WHY GOOD: Zero findings but substantive evidence for every dimension. The reviewer demonstrably examined the code — each pass verdict is backed by specific locations and spec anchors. This is a legitimate clearance, not a rubber stamp. Best example placed last because it demonstrates the hardest case: saying "approved" credibly.

Evaluation Criteria

These criteria are for evaluating the review output, not for self-evaluation during the review. They are phrased as gradable questions to support automated LLM-as-judge evaluation.
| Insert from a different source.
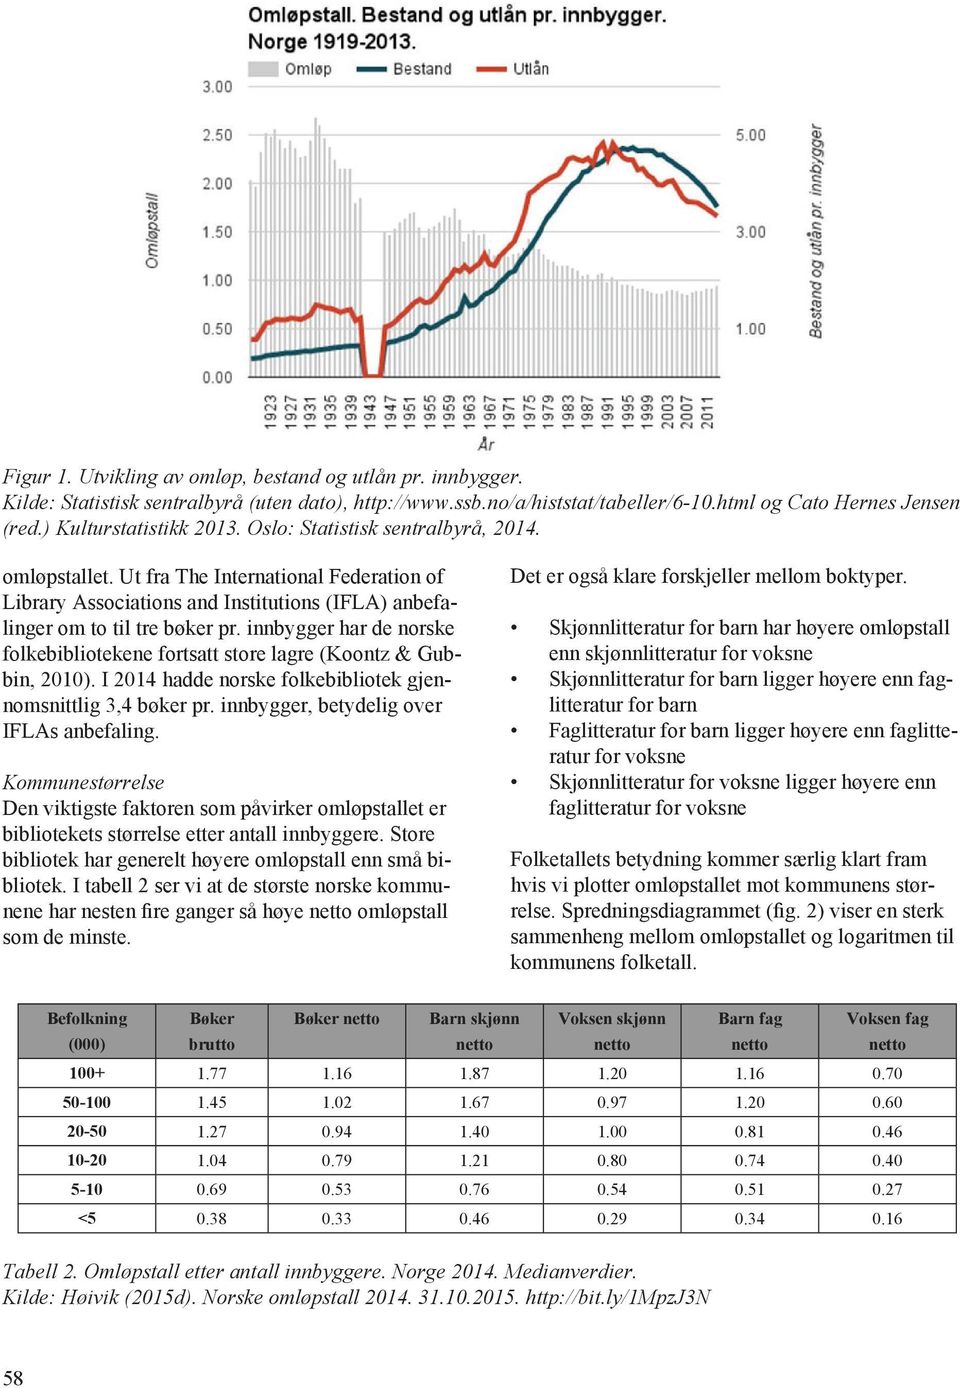 innbygger har de norske folkebibliotekene fortsatt store lagre (Koontz & Gubbin, 2010). I 2014 hadde norske folkebibliotek gjennomsnittlig 3,4 bøker pr. innbygger, betydelig over IFLAs anbefaling.

Does every dimension have an explicit outcome (pass / pass_with_notes / concern / fail)? Weight: required.
Does every blocking finding cite a specific spec requirement? Weight: required.
Does the output distinguish blocking from non-blocking findings? Weight: required.
Can a machine extract all findings from the output without ambiguity? Weight: high.
Are dimensions evaluated independently — no bleed between verdicts? Weight: high.
Is every "approved" or "pass" verdict backed by at least one evidence citation? Weight: high.
Does the output avoid qualitative prose in place of structured data? Weight: medium.

Questions This Skill Answers

How do I review code changes against a specification?
What dimensions should I evaluate during code review?
How do I classify a finding as blocking vs non-blocking?
What format should my review output use?
When should I stop and report missing context during review?
What does a well-evidenced "approved" verdict look like?
How do I handle ambiguous or incomplete spec sections during review?
What is the difference between a concern and a fail?
How do I avoid rubber-stamping a review?